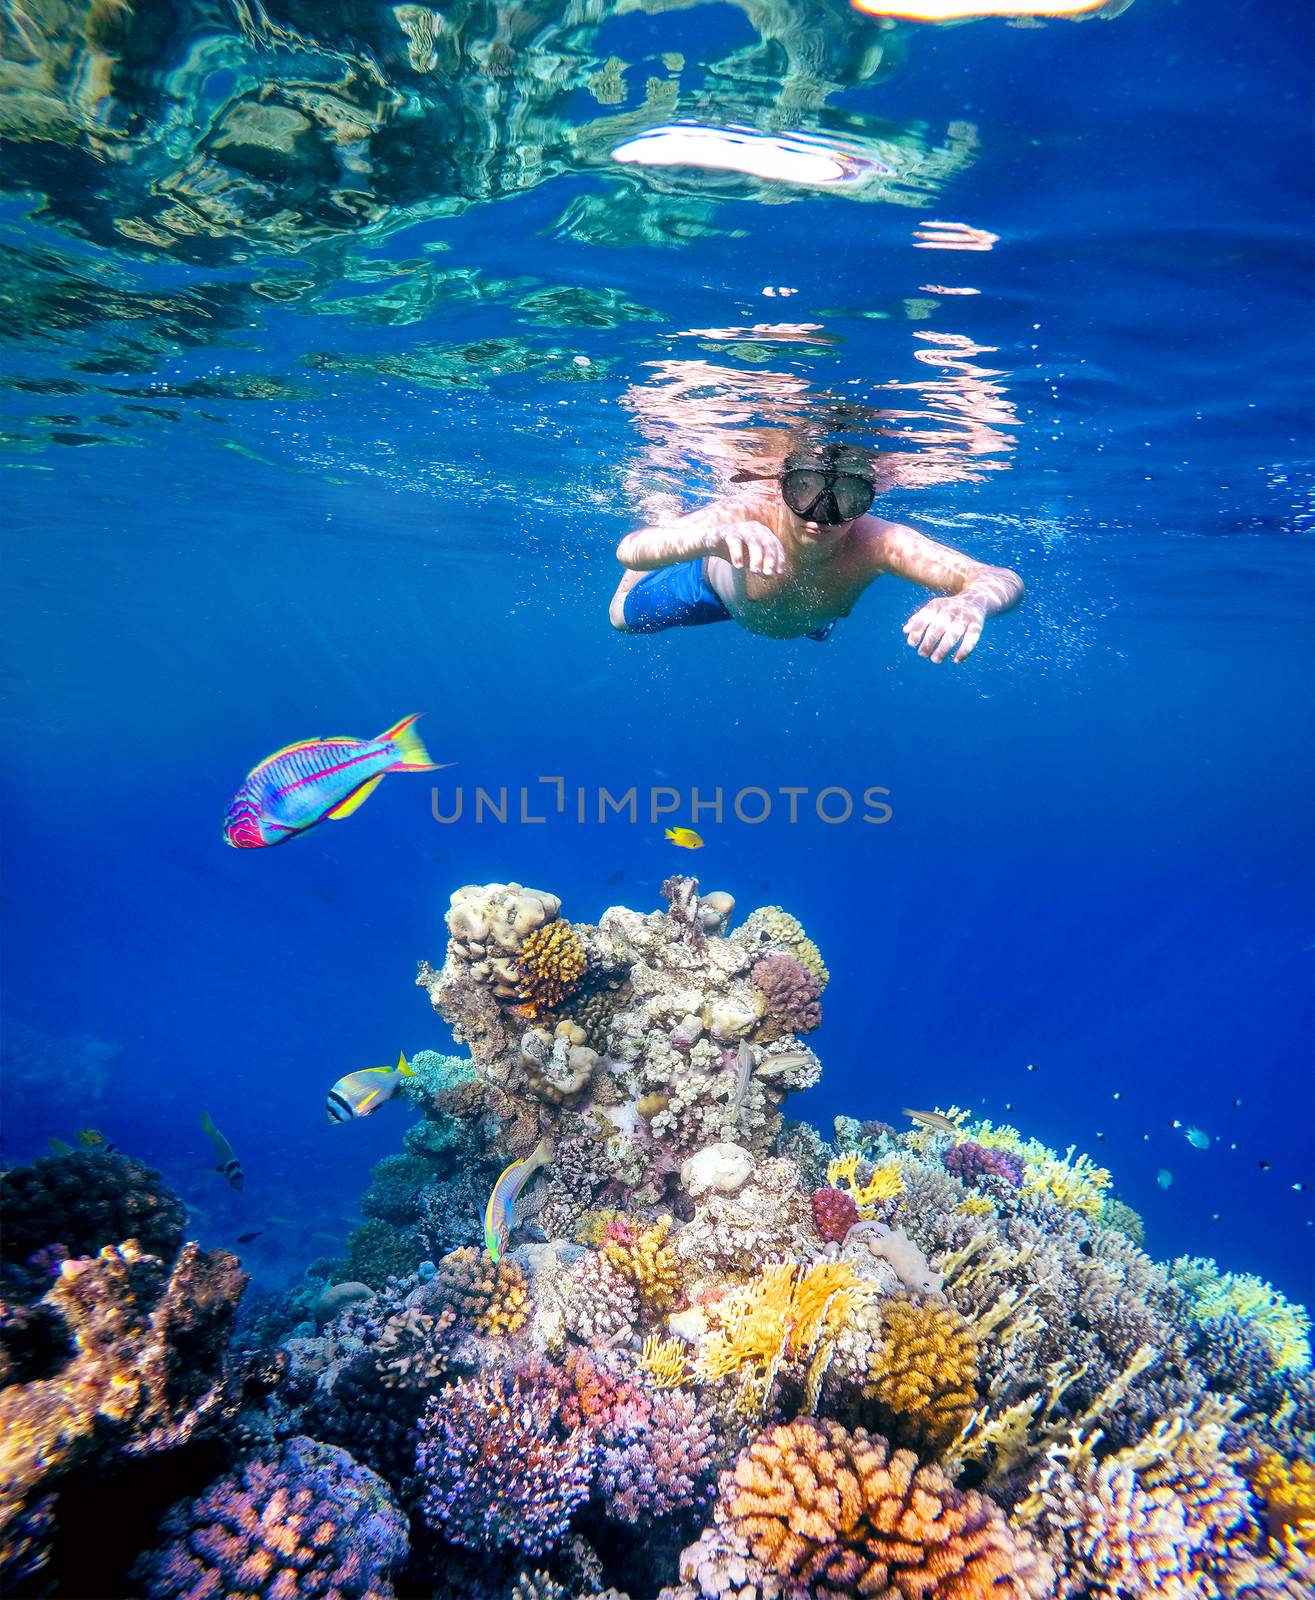 Underwater shoot of a young boy snorkeling and diving in a tropical red sea coral reef with Klunzinger's Wrasse (Thalassoma rueppellii)Also known as Lunate-tailed Wrasses and other fish in Egypt
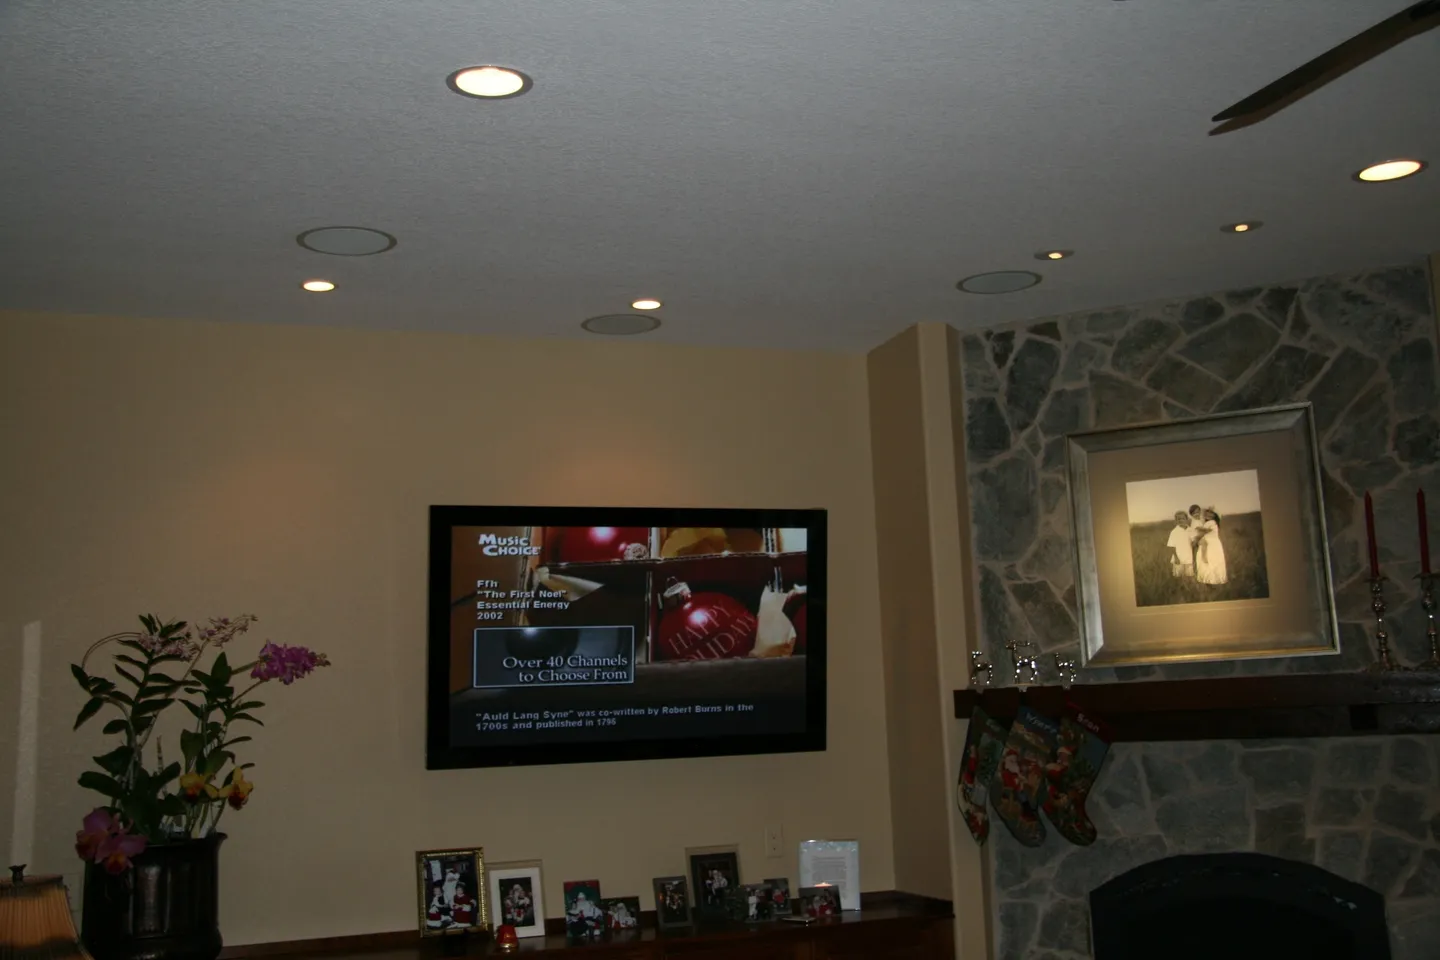 A television mounted on the wall above a fireplace.
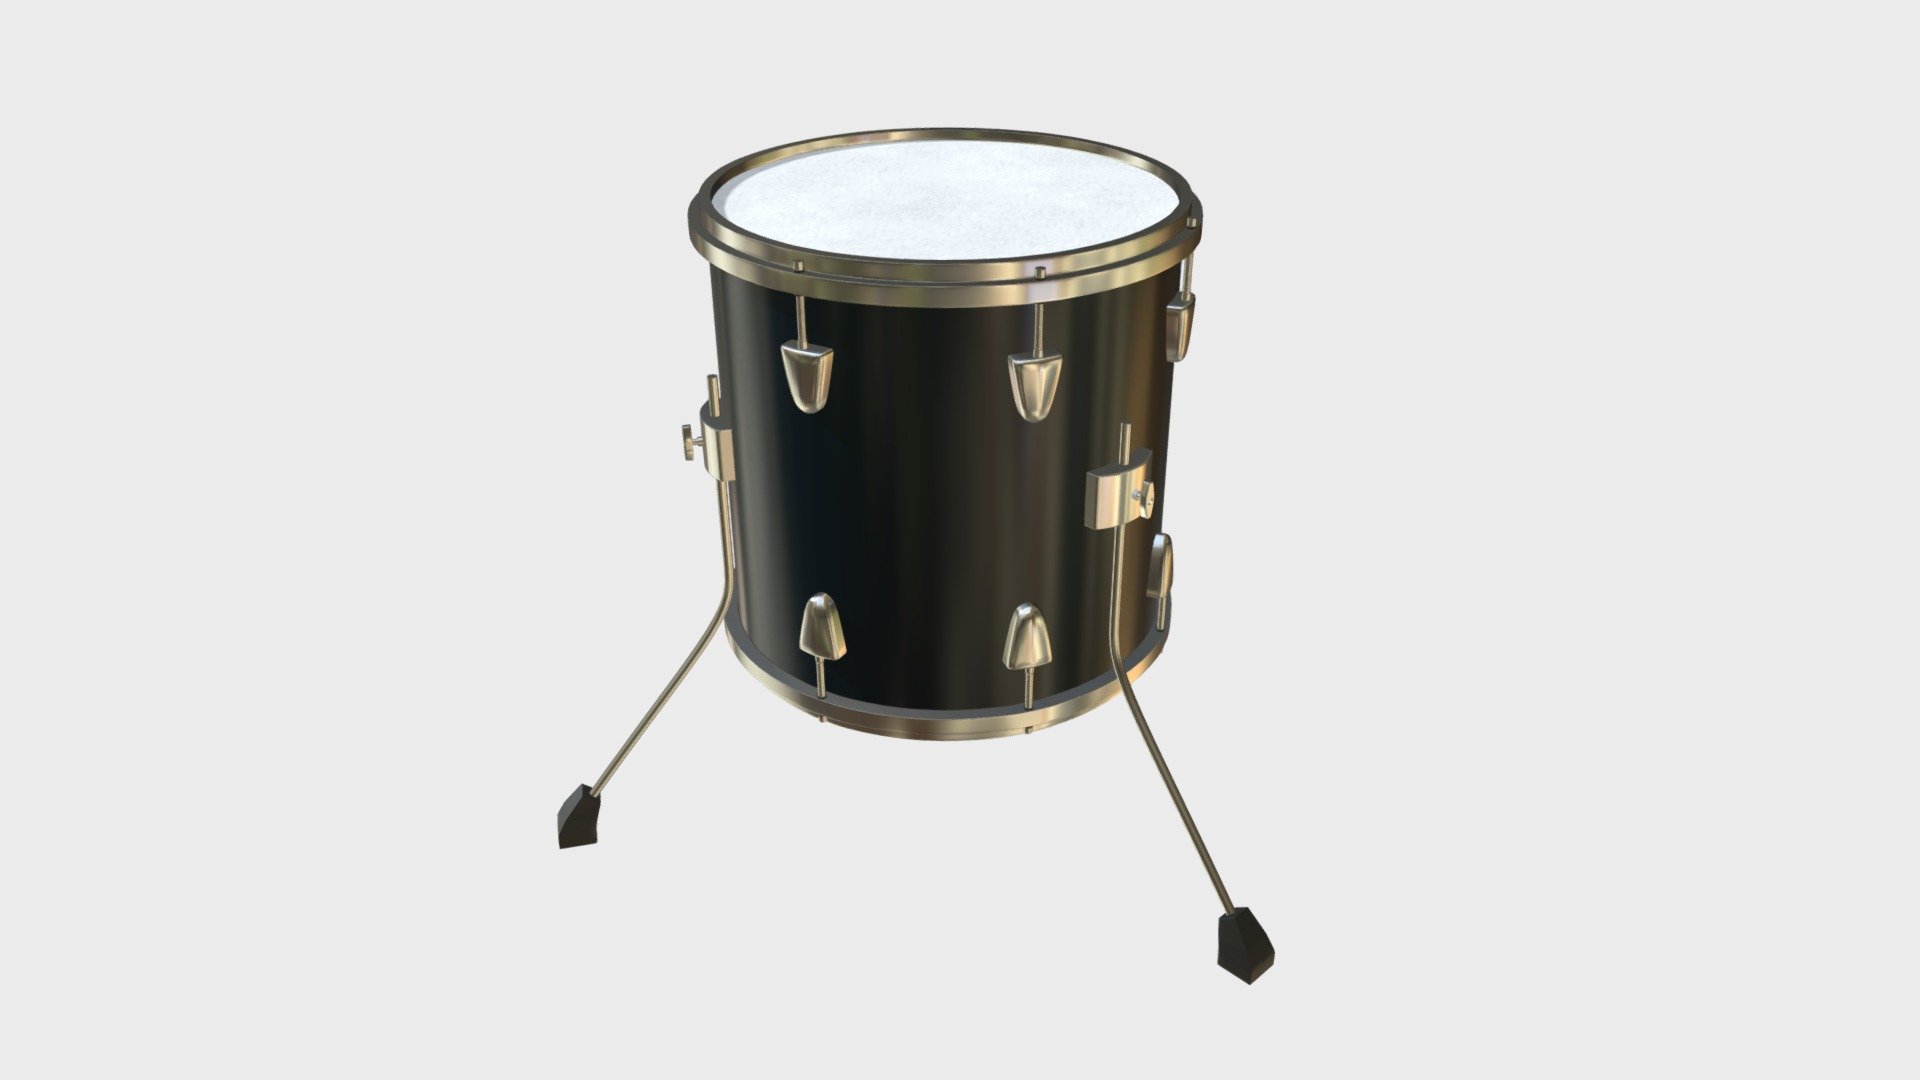 === The following description refers to the additional ZIP package provided with this model ===

Floor tom drum 3D Model. Production-ready 3D Model, with PBR materials, textures, non overlapping UV Layout map provided in the package.

Quads only geometries (no tris/ngons).

Formats included: FBX, OBJ; scenes: BLEND (with Cycles / Eevee PBR Materials and Textures); other: 16-bit PNGs with Alpha.

1 Object (mesh), 1 PBR Material, UV unwrapped (non overlapping UV Layout map provided in the package); UV-mapped Textures.

UV Layout maps and Image Textures resolutions: 2048x2048; PBR Textures made with Substance Painter.

Polygonal, QUADS ONLY (no tris/ngons); 74024 vertices, 73902 quad faces (147804 tris).

Real world dimensions; scene scale units: cm in Blender 3.3 (that is: Metric with 0.01 scale).

Uniform scale object (scale applied in Blender 3.3) 3d model
+ + +
WORK TASK. Drop the pictures, then repeat the material word for word.

RESPONSE TO THIS TASK.
 Underwater shoot of a young boy snorkeling and diving in a tropical red sea coral reef with Klunzinger's Wrasse (Thalassoma rueppellii)Also known as Lunate-tailed Wrasses and other fish in Egypt
 A television mounted on the wall above a fireplace.
 === The following description refers to the additional ZIP package provided with this model ===

Floor tom drum 3D Model. Production-ready 3D Model, with PBR materials, textures, non overlapping UV Layout map provided in the package.

Quads only geometries (no tris/ngons).

Formats included: FBX, OBJ; scenes: BLEND (with Cycles / Eevee PBR Materials and Textures); other: 16-bit PNGs with Alpha.

1 Object (mesh), 1 PBR Material, UV unwrapped (non overlapping UV Layout map provided in the package); UV-mapped Textures.

UV Layout maps and Image Textures resolutions: 2048x2048; PBR Textures made with Substance Painter.

Polygonal, QUADS ONLY (no tris/ngons); 74024 vertices, 73902 quad faces (147804 tris).

Real world dimensions; scene scale units: cm in Blender 3.3 (that is: Metric with 0.01 scale).

Uniform scale object (scale applied in Blender 3.3) 3d model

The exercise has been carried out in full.